MT – A primeira minuta já está no colegiado da CVM e passa a ser nossa prioridade regulatória. Acredito que até meados de outubro a gente consiga colocar o documento em audiência pública.
II – Recentemente o sr. classificou o Projeto de Lei 3.741, atualmente na Câmara, como uma grande evolução nas normas contábeis. A prestação de contas de empresas de capital aberto é uma questão preocupante?
MT – Acho que a grande importância desse projeto diz respeito à harmonização das regras contábeis brasileiras com as regras contábeis internacionais. Em geral, no entanto, temos demonstrações contábeis muito boas. Não por acaso, não tivemos no Brasil escândalos e situações delicadas em relação a este tema.
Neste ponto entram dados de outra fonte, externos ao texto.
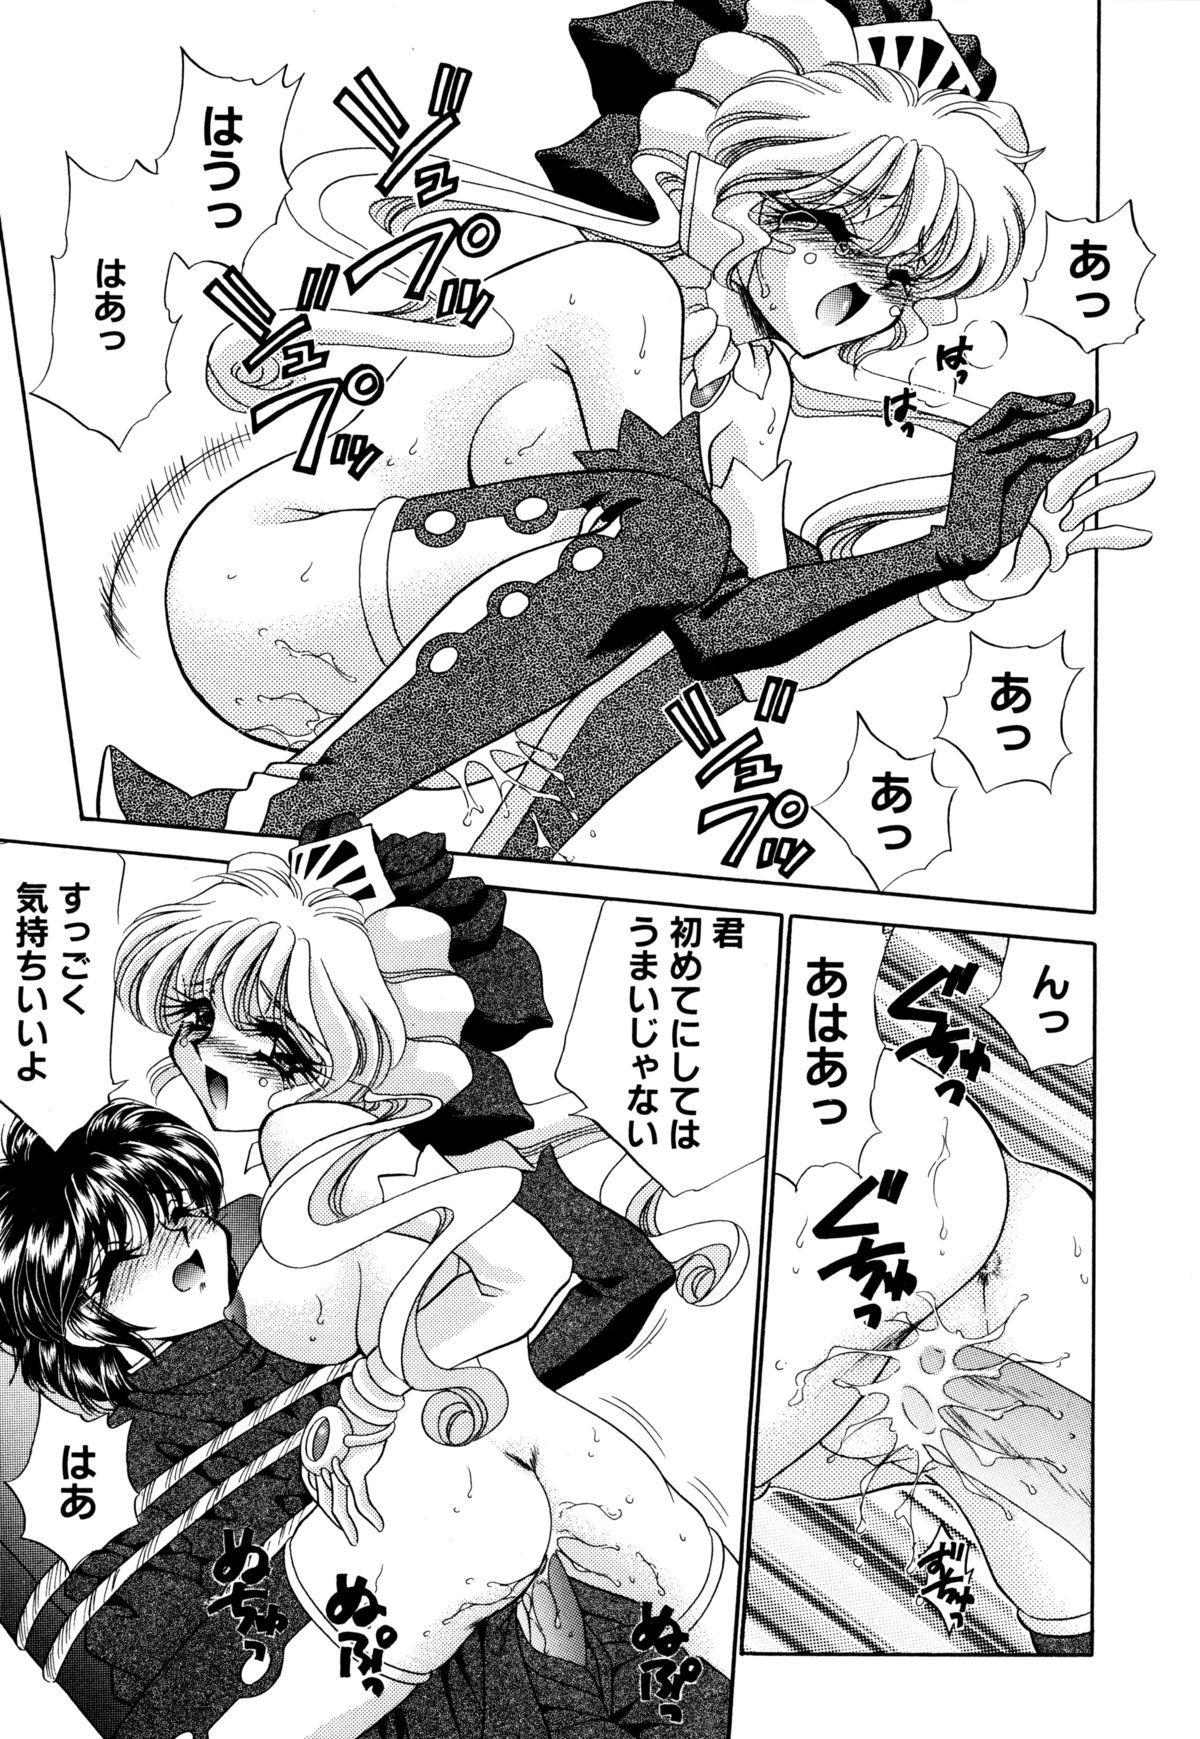 Kigurumi Sentai Quiltian 181

Mas não podemos ter uma certa soberba no sentido de imaginar que se está dando certo não é preciso melhorar nosso padrão. Espero que o projeto esteja aprovado até o final do ano.
II – Como está o projeto da CVM de lançar um site dedicado a investidores interessados no mercado de ações?
MT – Esta é minha menina dos olhos. Está a todo vapor e pode ser que entre no ar no início de 2005, em fase experimental. Está em licitação e como envolve recursos do Banco Mundial (Bird), a concorrência é internacional. Ele será interativo, em linguagem acessível e dará ao investidor a possibilidade de comparar os produtos financeiros regulados pela CVM e que estão à disposição no mercado. Nossa idéia é que o internauta possa fazer simulações de investimento em ações, sem colocar dinheiro. É um projeto de grande importância na CVM.